**EXERCISE INSTRUCTIONS:**
Within the records that follow, restate exactly the lines from the line with "A Unisex Funktion" down to the line with "Auto Leder Sitzbezüge", including both. Omit the pictures.

**DATA SECTION:**
──────

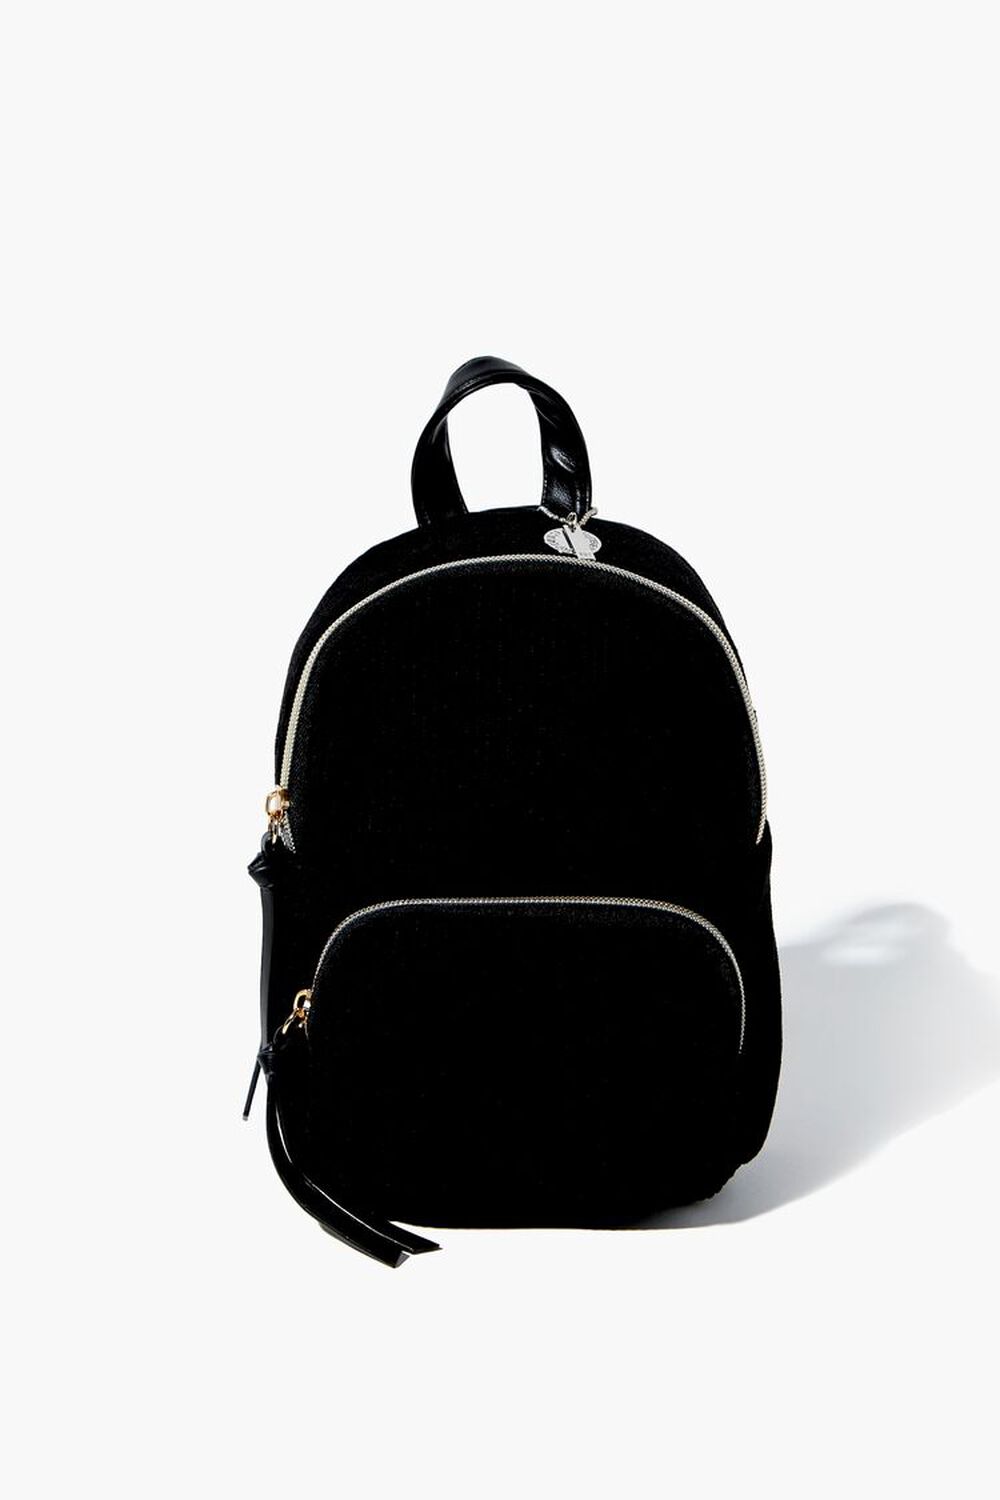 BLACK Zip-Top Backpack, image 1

──────

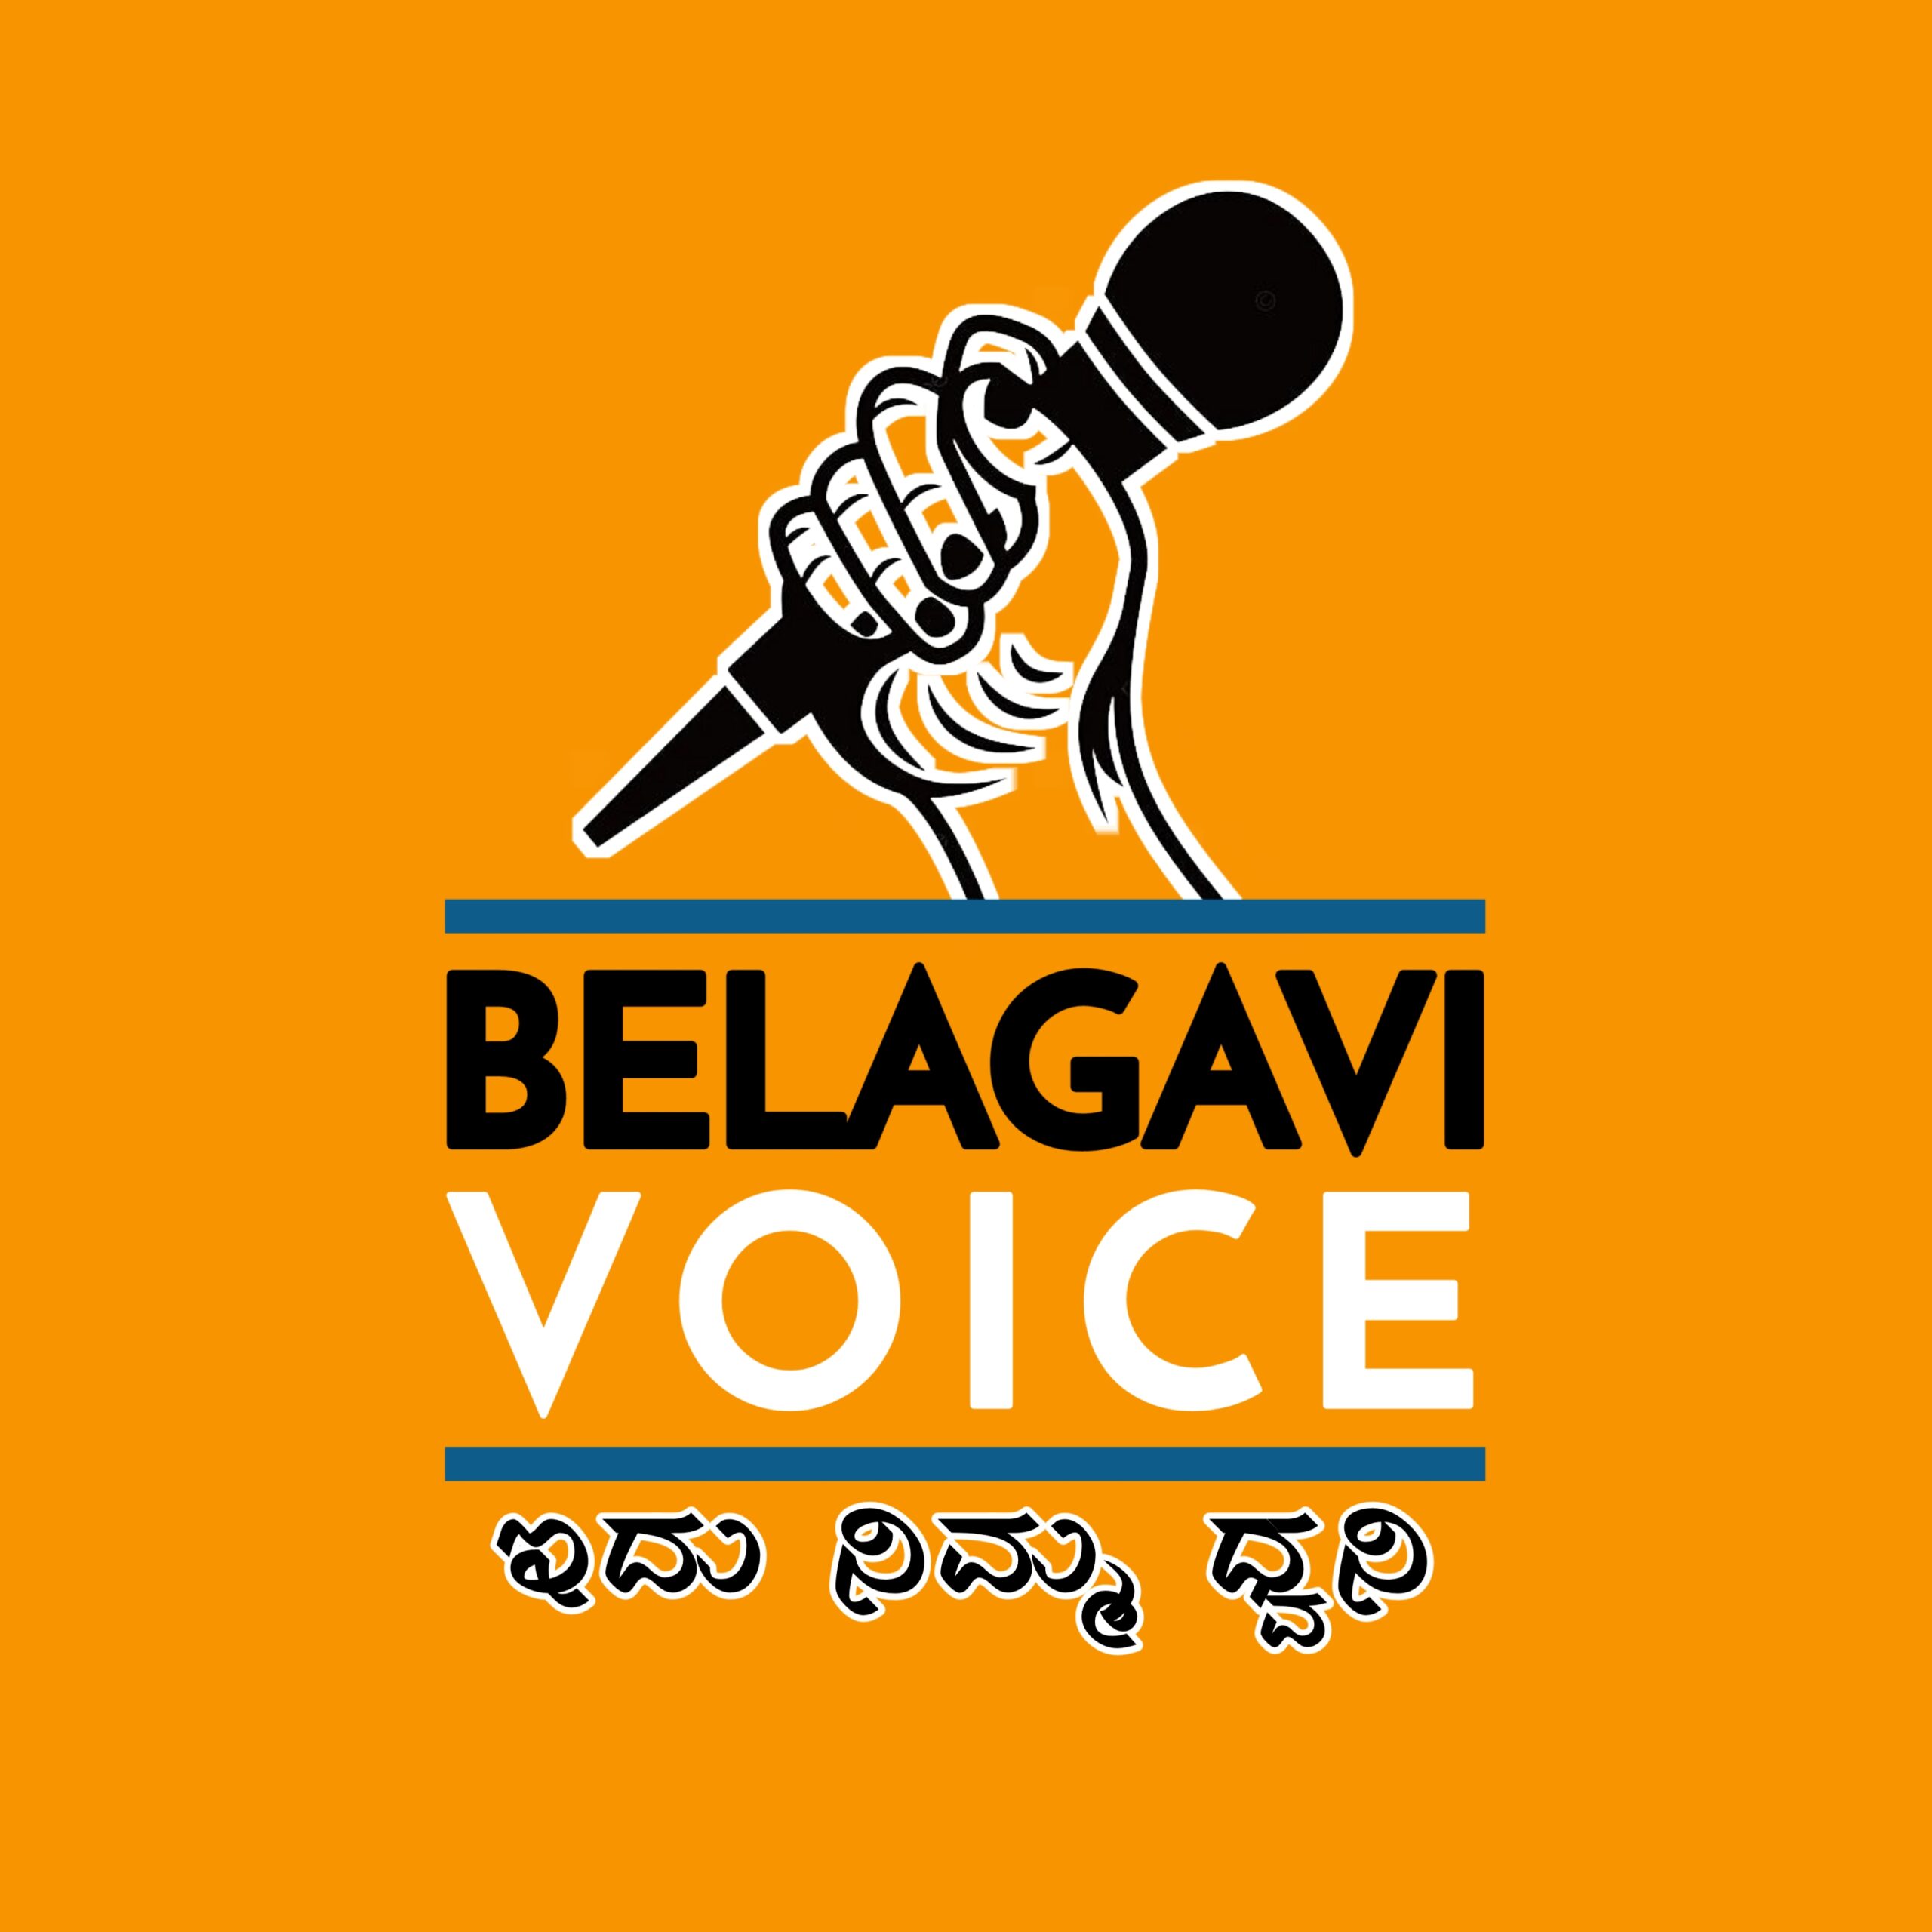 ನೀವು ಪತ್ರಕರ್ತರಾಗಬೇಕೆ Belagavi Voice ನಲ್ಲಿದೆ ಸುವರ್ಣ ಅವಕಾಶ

──────

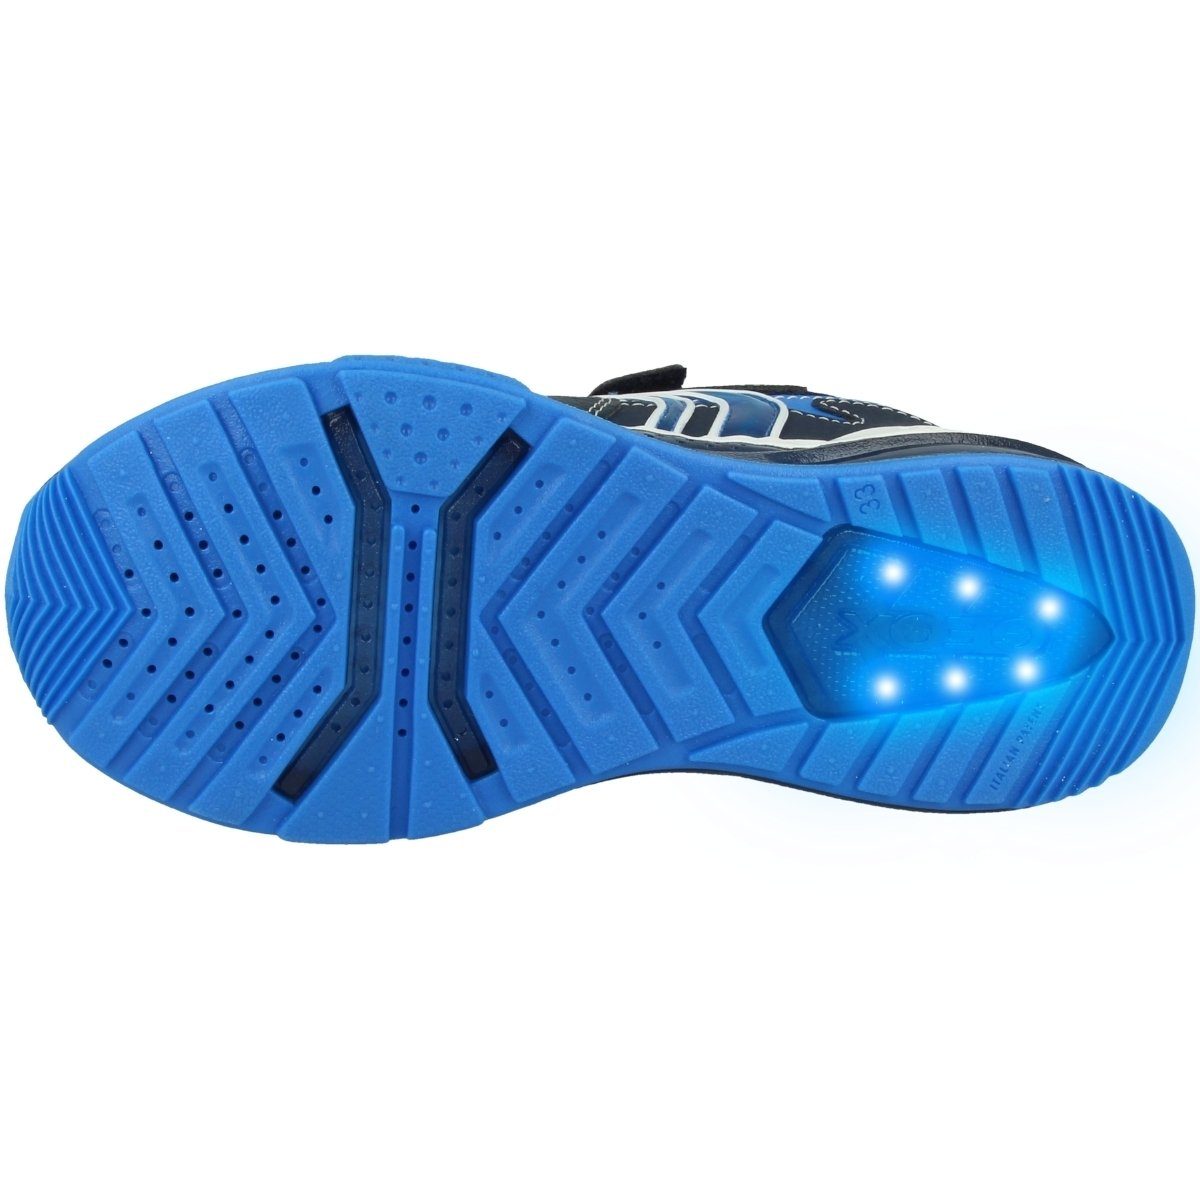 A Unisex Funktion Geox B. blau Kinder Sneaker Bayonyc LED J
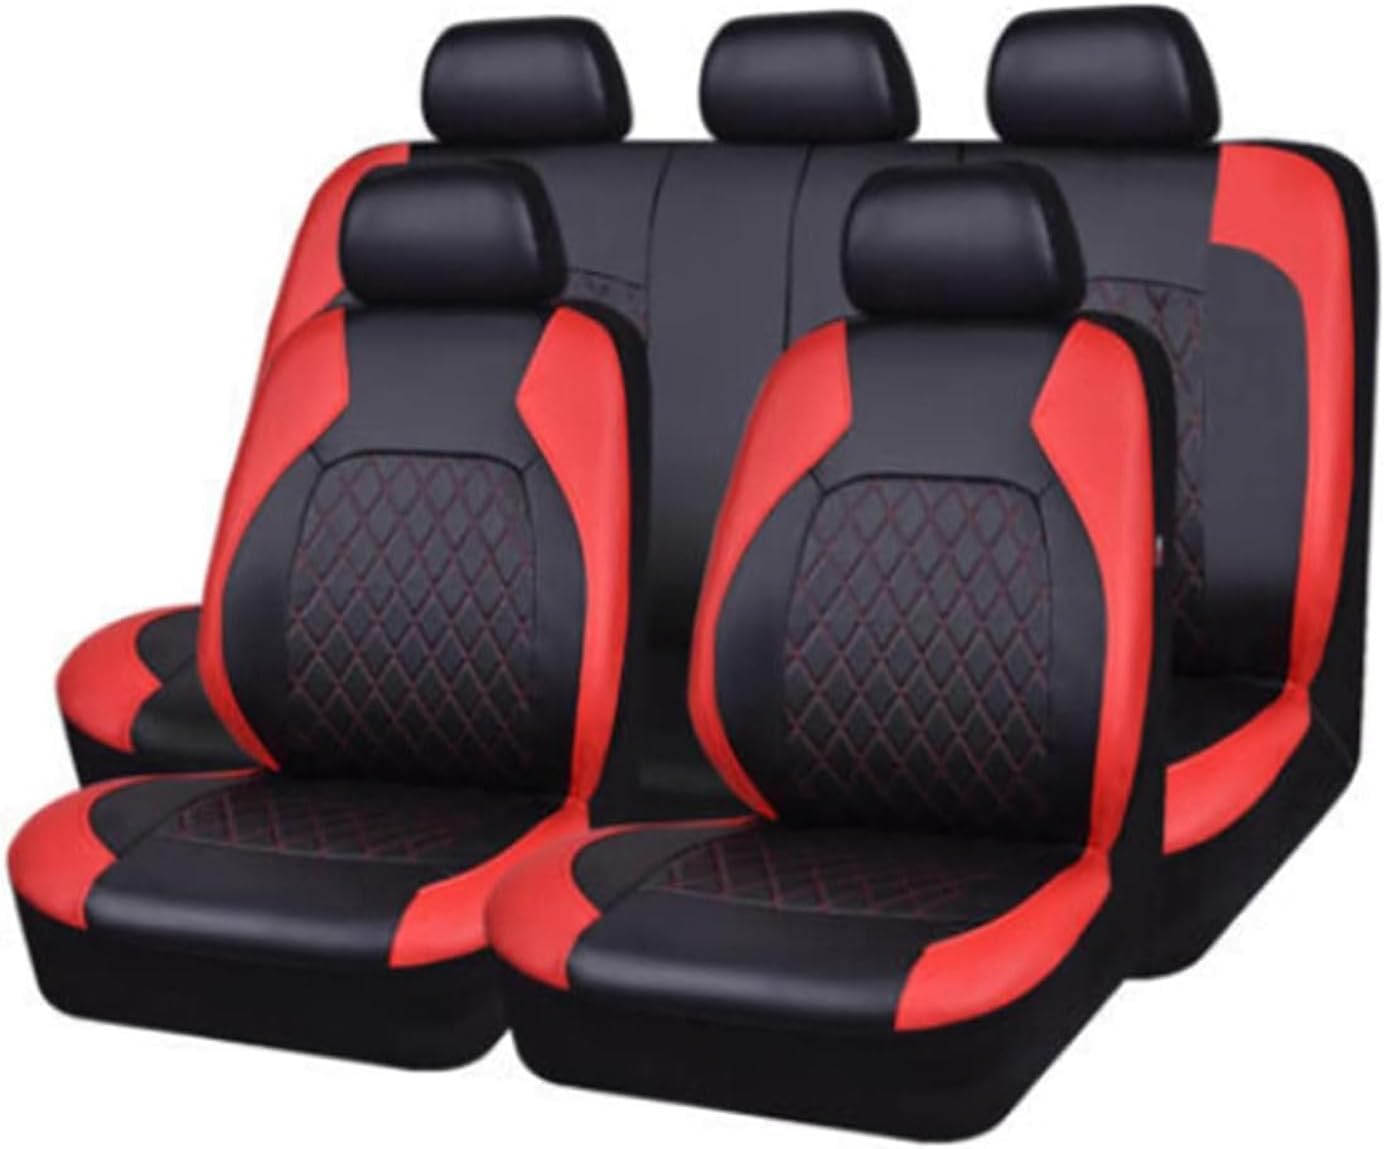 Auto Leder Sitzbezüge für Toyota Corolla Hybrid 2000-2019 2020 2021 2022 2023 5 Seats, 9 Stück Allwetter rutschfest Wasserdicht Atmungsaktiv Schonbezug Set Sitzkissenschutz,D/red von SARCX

──────

**EXERCISE ANSWER:**
 A Unisex Funktion Geox B. blau Kinder Sneaker Bayonyc LED J
 Auto Leder Sitzbezüge für Toyota Corolla Hybrid 2000-2019 2020 2021 2022 2023 5 Seats, 9 Stück Allwetter rutschfest Wasserdicht Atmungsaktiv Schonbezug Set Sitzkissenschutz,D/red von SARCX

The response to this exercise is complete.